Good Taste: The Year in Local Food

Food news and views on the Bay Area's most surprising flavors

• 2011 was a banner year for Bay Area food in many ways, not the least of which has to do with preserving and even advancing the history and longevity of Northern California cooking. A number of groundbreaking, knowledge-building and visually stunning books penned by local authors, chefs and restaurateurs this year are as potentially engaging to a practiced home chef as they are to a more general food enthusiast, and have been internationally recognized as such.

The titles most worth your time and attention this year include Mission Street Food: Recipes and Ideas from an Improbable Restaurant by Anthony Myint and Karen Leibowitz, a combination graphic novel, cheeky business manual, cooking technique primer and love story from the couple behind the Mission Chinese Food and Commonwealth restaurants; Mourad: New Moroccan by Mourad Lahlou, a format-bending education from the chef/owner of Aziza, recently honored with its own official day by the city of San Francisco; and Plats du Jour: The Girl & The Fig's Journey Through The Seasons in Wine Country by Sondra Bernstein, an enchanting and approachable look at the Sonoma restaurant's weekly special meal.

Next year, look forward to what will surely be provocative titles from two San Francisco institutions: Incanto, a restaurant helmed by chef Chris Cosentino known for creatively utilizing whole beasts whenever possible, and Humphry Slocombe, the bleeding-edge parlor of frozen desserts that fancies foie gras ice cream sandwiches and considers vanilla a bad word that needs censorship. The history of Bay Area food is still being created and defined, and luckily there are plenty of talented documentarians.

• Food trucks have steadily gained ground in the region over the past few years, but eaters in San Francisco, Marin, Alameda, San Mateo and Santa Clara Counties didn't have to walk or drive as far to find meals on wheels this year. The rules and regulations governing food trucks are changing and vary from cautiously friendly to downright frustrating from city to city, but all signs point to more breadth and depth looking forward.

Strong food truck debuts that caught our attention in 2011 include Fivetenburger and Vesta Flatbread, which fire up restaurant-quality hamburgers and sandwiches, respectively throughout the East Bay; Bomb Truck, an artisan popsicle mobile from San Jose; Cookie Time, a truck baking up organic cookies and muffins in San Francisco's Noe Valley; and, also in San Francisco, the addition of a truck to the Crème Brûlée Cart business.

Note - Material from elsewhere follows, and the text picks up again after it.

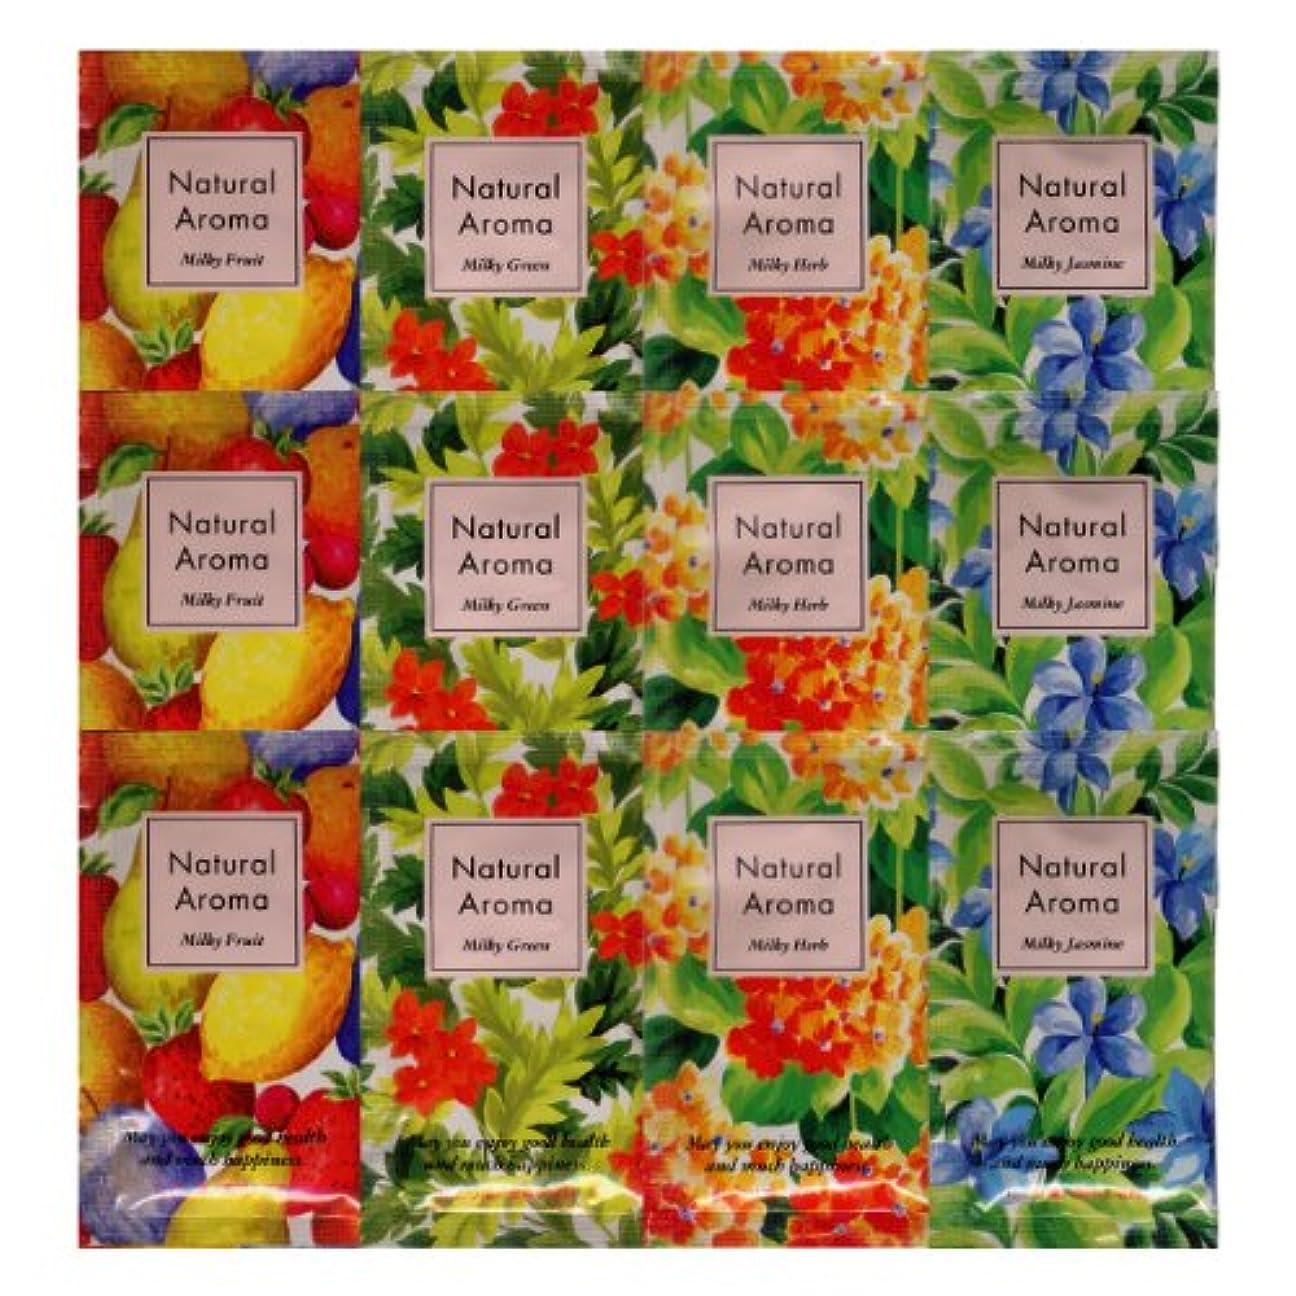 スリーブおとうさんレイプナチュラルアロマ 入浴剤 ミルキーハーブ 4種類×3 12包セット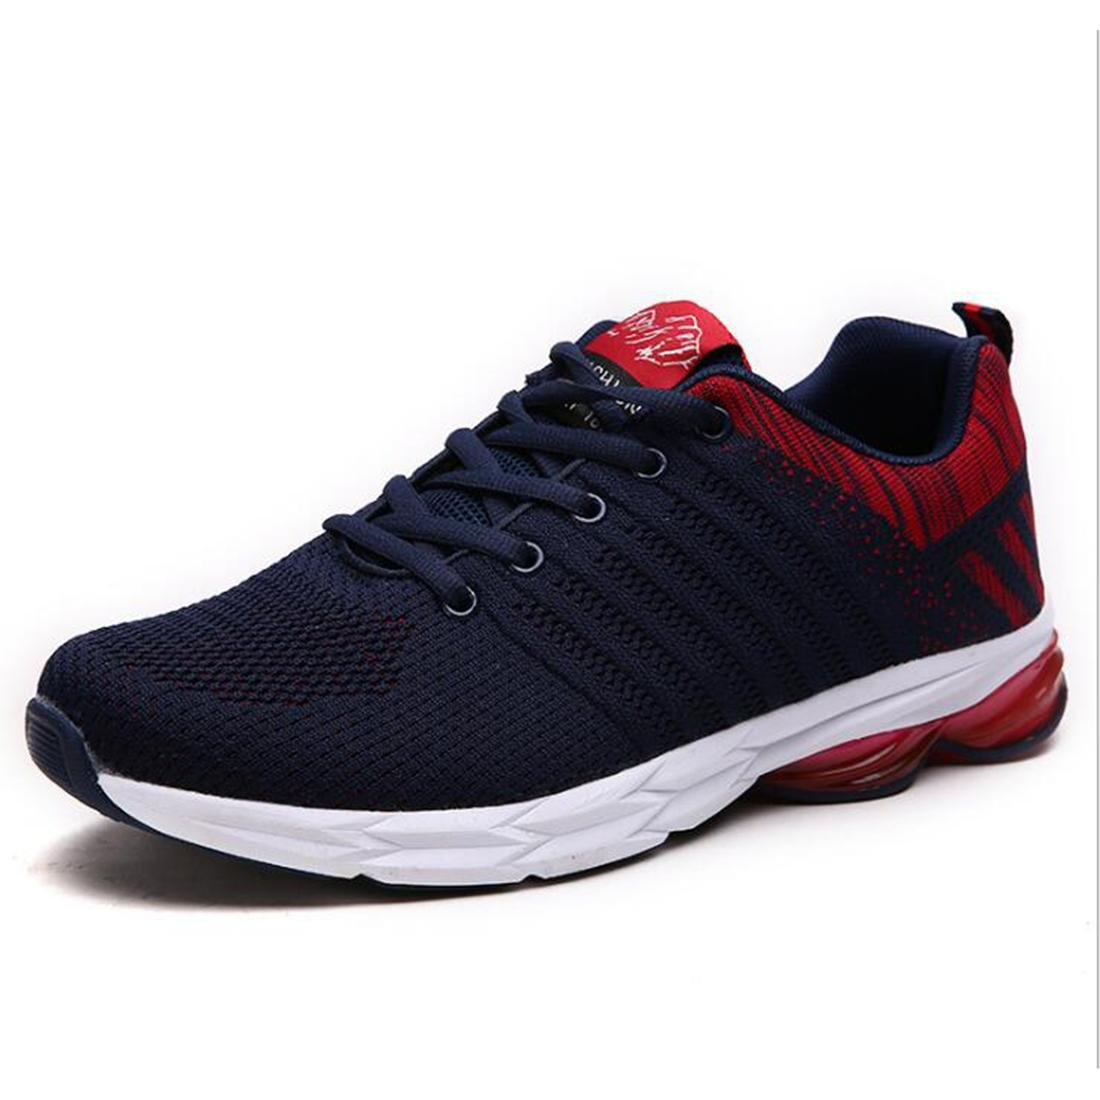 Otoño Loisirs de Plein Air zapatillas de moscas de moda los zapatos de running de la moda de los modelos para caballero, blue red, 43 43|blue red

• While dozens of restaurants opened and nearly as many closed, the rise of pop-up meals soared whether they were elaborate one-night explorations of a theme or a weekday breakfast or lunch trade designed to boost an existing space. The popularity of the temporary restaurant idea was even sealed by Guest Chef, a new Oakland eatery dedicated to the concept of constantly rotating cooks and menus. The adventure possibilities in eating out have gotten markedly more exciting and diverse.

• As San Francisco's city health department rushed to shutter a local restaurant serving grasshoppers, leaving San Jose's Mezcal the only spot in the region that advertises still having them on the menu, there seemed to be a growing fascination with formerly crawling creatures as food this year. The media frenzy reached the height of ridiculousness over the summer when a Marin-based insect caterer called Don Bugito served up platters of wax moth larvae tacos to a room full of journalists and bloggers, and drew impenetrable lines for its mealworm-topped ice cream cones at the San Francisco Street Food Festival. We sampled our very first bug a few months back, conquering a pretty big mental barrier in the process, but we certainly won't be rushing for seconds.